What to work on :: Would you return the data below exactly as it stands, with every picture left out?

Source data ::
====================

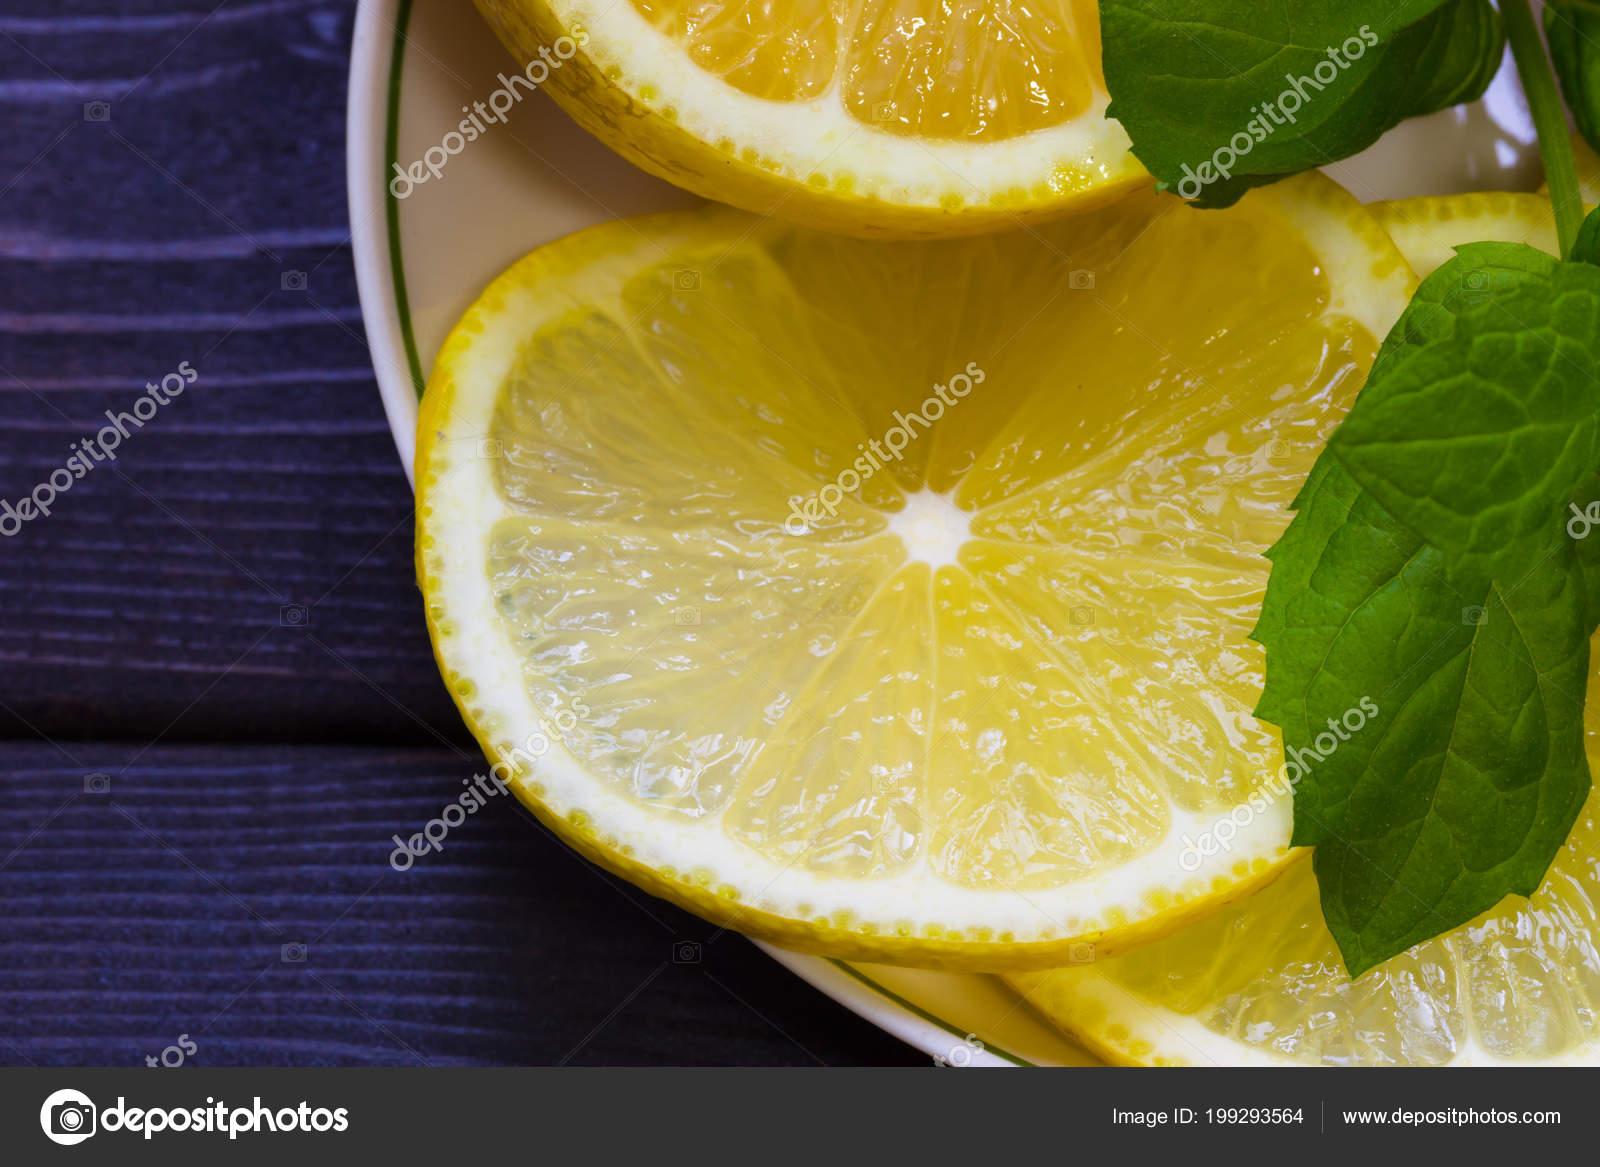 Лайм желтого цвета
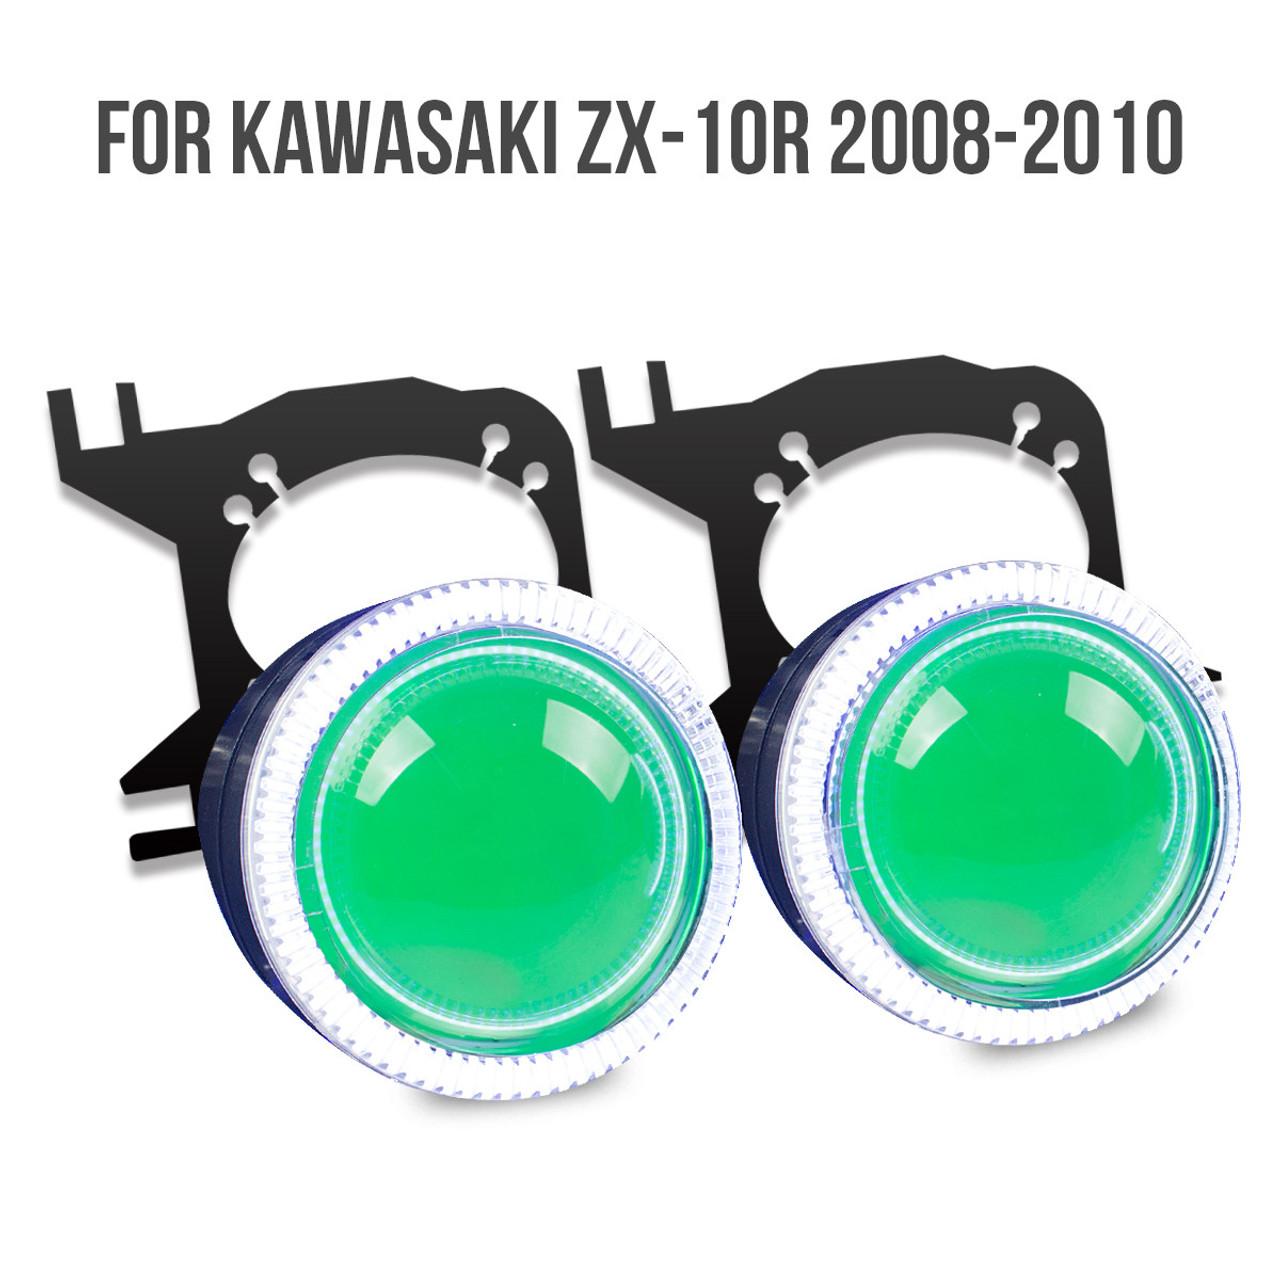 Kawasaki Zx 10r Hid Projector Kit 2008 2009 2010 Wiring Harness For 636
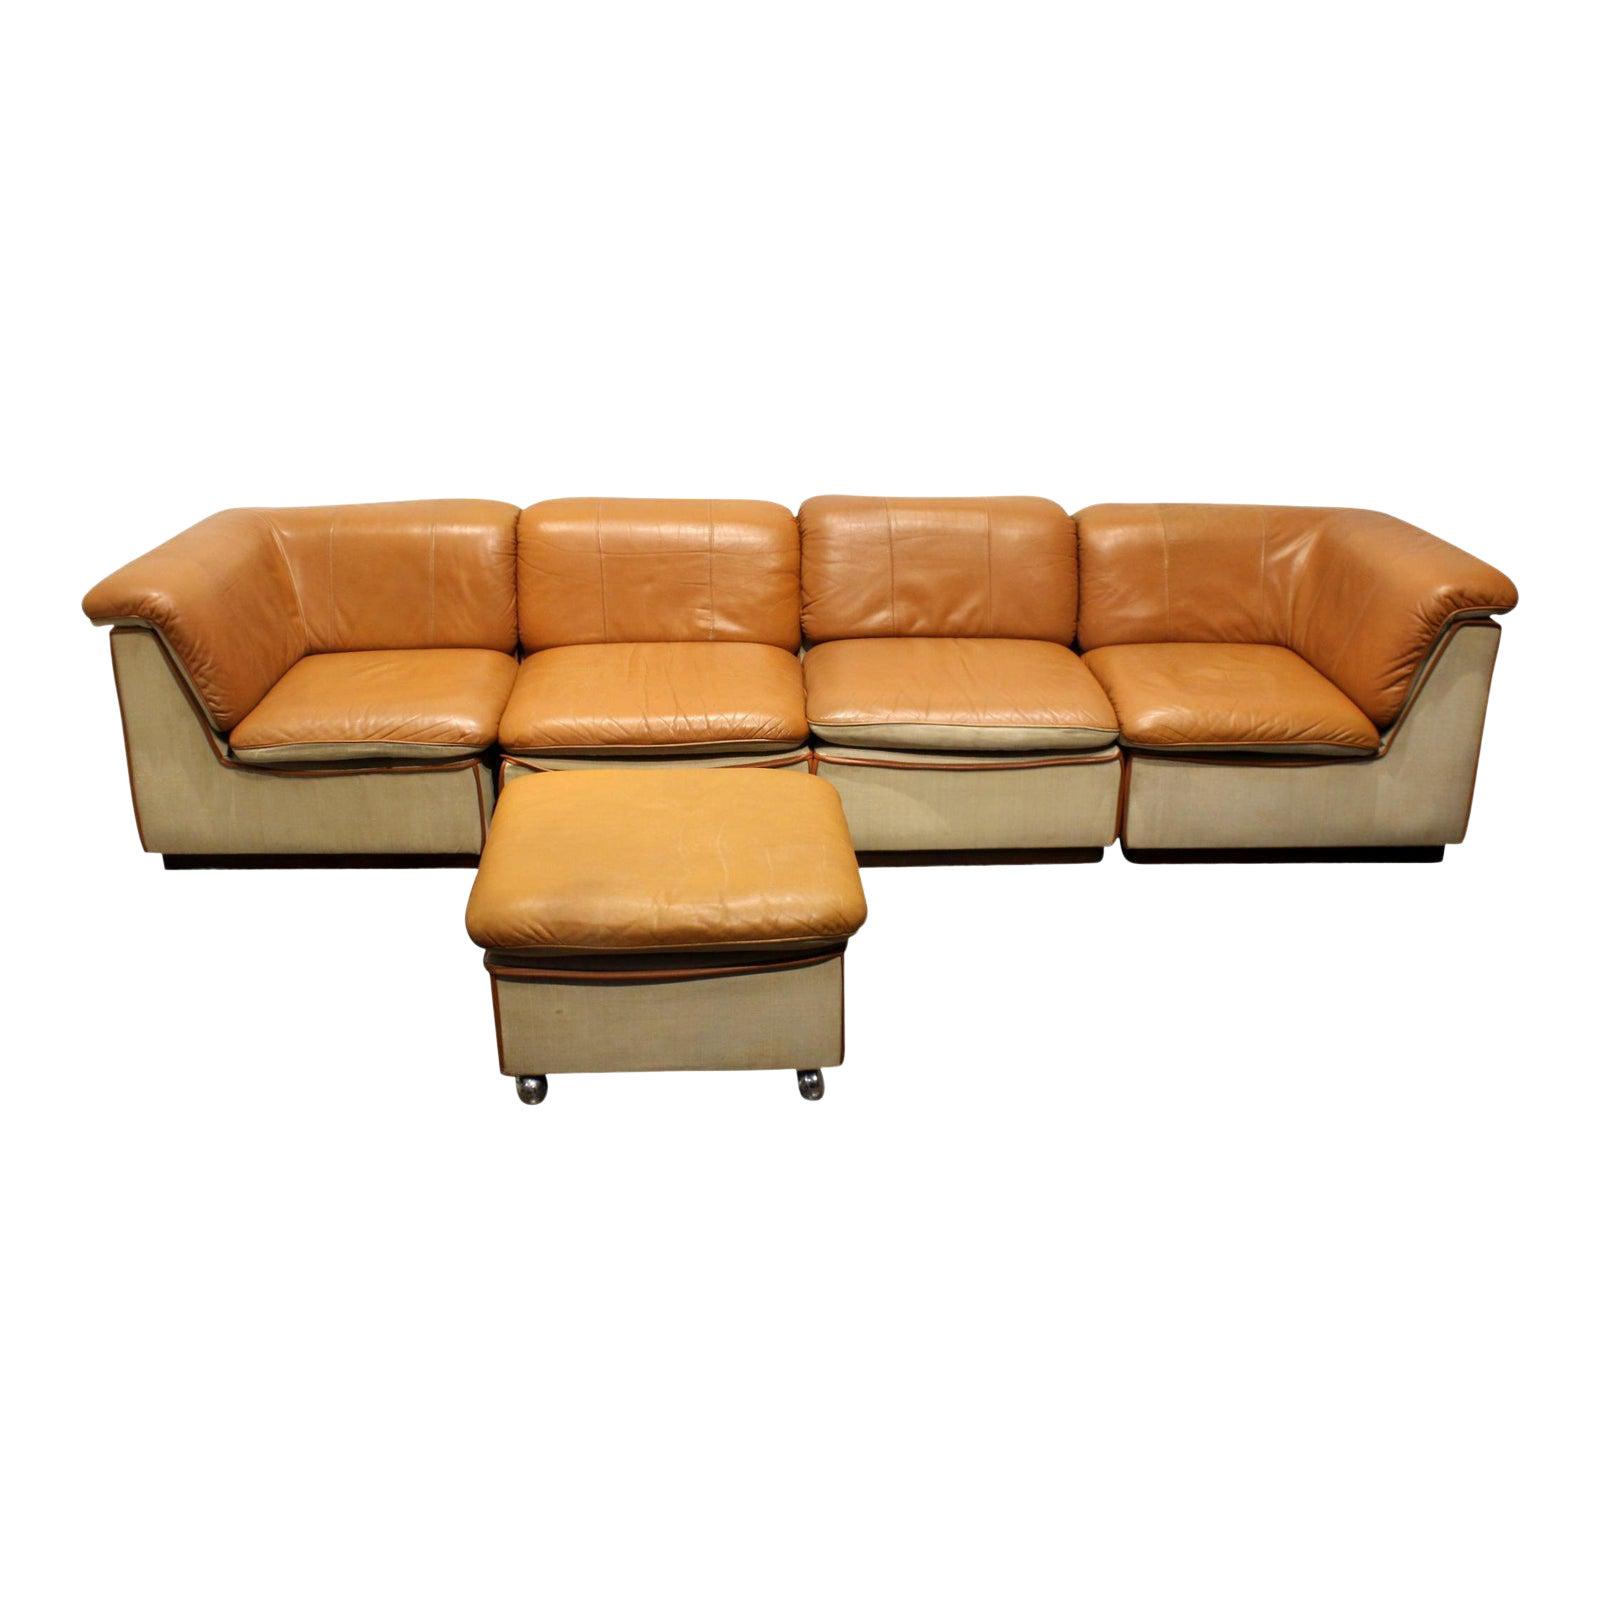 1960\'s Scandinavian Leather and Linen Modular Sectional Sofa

====================

Exercise result ::
 Лайм желтого цвета
 Kawasaki Zx 10r Hid Projector Kit 2008 2009 2010 Wiring Harness For 636
 1960\'s Scandinavian Leather and Linen Modular Sectional Sofa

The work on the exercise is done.